É Podcast, é Portal 📰
Publicado em 4 de junho de 2025
Na madrugada desta quarta-feira (4), faleceu em São Raimundo Nonato, no interior do Piauí, a arqueóloga Niède Guidon, aos 92 anos. Reconhecida por sua atuação incansável na preservação do patrimônio arqueológico brasileiro, especialmente na região do Parque Nacional da Serra da Capivara, Niède deixa um legado científico e cultural que atravessa gerações. A causa da morte não foi informada.
Ao longo de décadas, ela foi uma das principais vozes da arqueologia brasileira, desafiando paradigmas e colocando o Brasil no centro de debates internacionais sobre o povoamento das Américas. Seus estudos no Piauí trouxeram à tona evidências de que a presença humana no continente pode ser muito mais antiga do que se supunha — algo em torno de 50 mil anos ou mais, segundo as descobertas lideradas por ela.
O Museu da Natureza publicou uma nota em reconhecimento à trajetória notável de Niède, ressaltando seu papel fundamental na pesquisa, valorização e proteção do patrimônio histórico da Serra da Capivara. Foi nessa região, onde ela escolheu viver e trabalhar, que a arqueóloga coordenou escavações cruciais para o entendimento da presença humana em solo americano.
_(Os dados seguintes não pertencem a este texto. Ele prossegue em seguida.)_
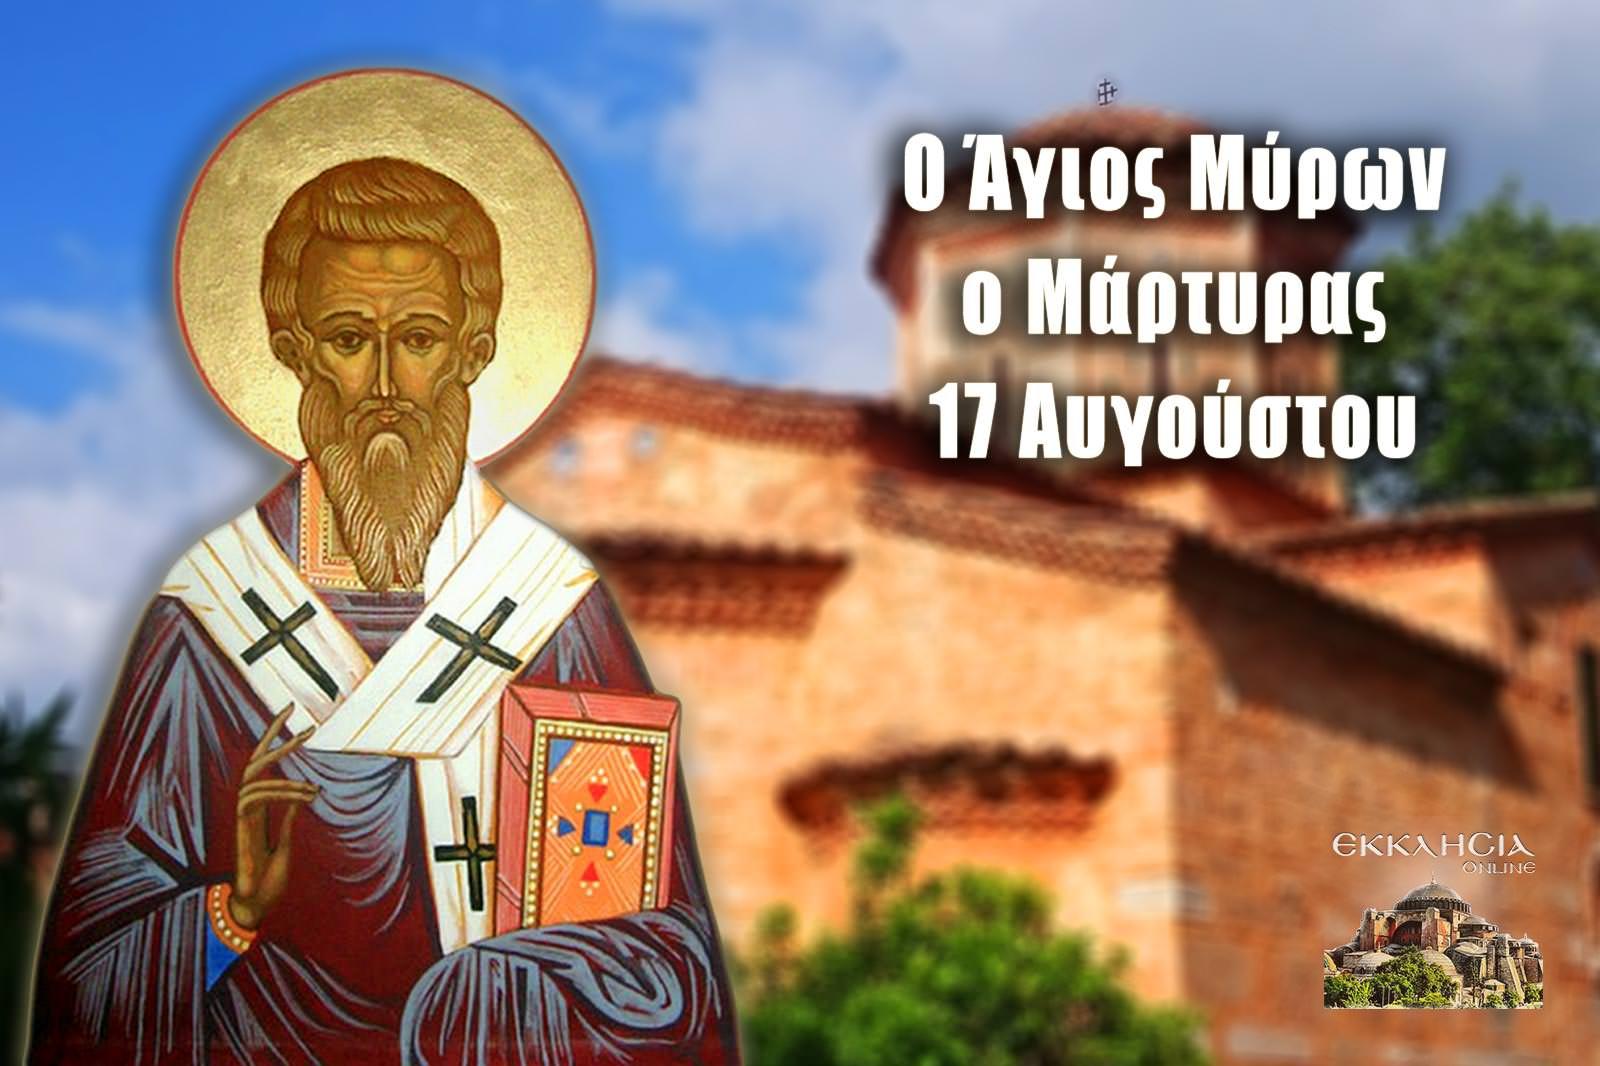 Άγιος Μύρων Μάρτυρας 17 Αυγούστου

Natural de Jaú (SP), nascida em 12 de março de 1933, Niède possuía dupla nacionalidade — brasileira e francesa. Graduou-se em História pela Universidade de São Paulo (USP) em 1959, e logo seguiu para a França, onde se especializou em Arqueologia Pré-Histórica na Universidade Paris 1 Panthéon-Sorbonne. Seu doutorado, concluído em 1975, teve como foco as pinturas rupestres da região de Várzea Grande, no Piauí, sob orientação do renomado antropólogo André Leroi-Gourhan.
Mais do que uma cientista, Niède foi uma defensora incansável da valorização da ciência como instrumento de transformação social. Criadora do Museu do Homem Americano, atuou durante anos para garantir recursos e estrutura à Serra da Capivara, enfrentando com coragem o abandono do poder público e mobilizando apoio nacional e internacional.
Sua luta gerou frutos: milhares de pessoas da região foram impactadas diretamente pelo seu trabalho — seja por meio da educação, da geração de empregos ou da abertura de novos horizontes para a ciência e o turismo. A Serra da Capivara, graças a ela, se transformou em um dos mais relevantes sítios arqueológicos do planeta.
Em 2023, a Universidade Federal do Piauí (UFPI) concedeu a Niède Guidon o título de Doutora Honoris Causa — reconhecimento máximo da instituição — como forma de homenagear sua vida dedicada à pesquisa, ao ensino e à preservação cultural. A honraria celebrou, entre outras conquistas, a descoberta de mais de 800 sítios arqueológicos na região e os inúmeros vestígios de povos pré-históricos catalogados sob sua liderança.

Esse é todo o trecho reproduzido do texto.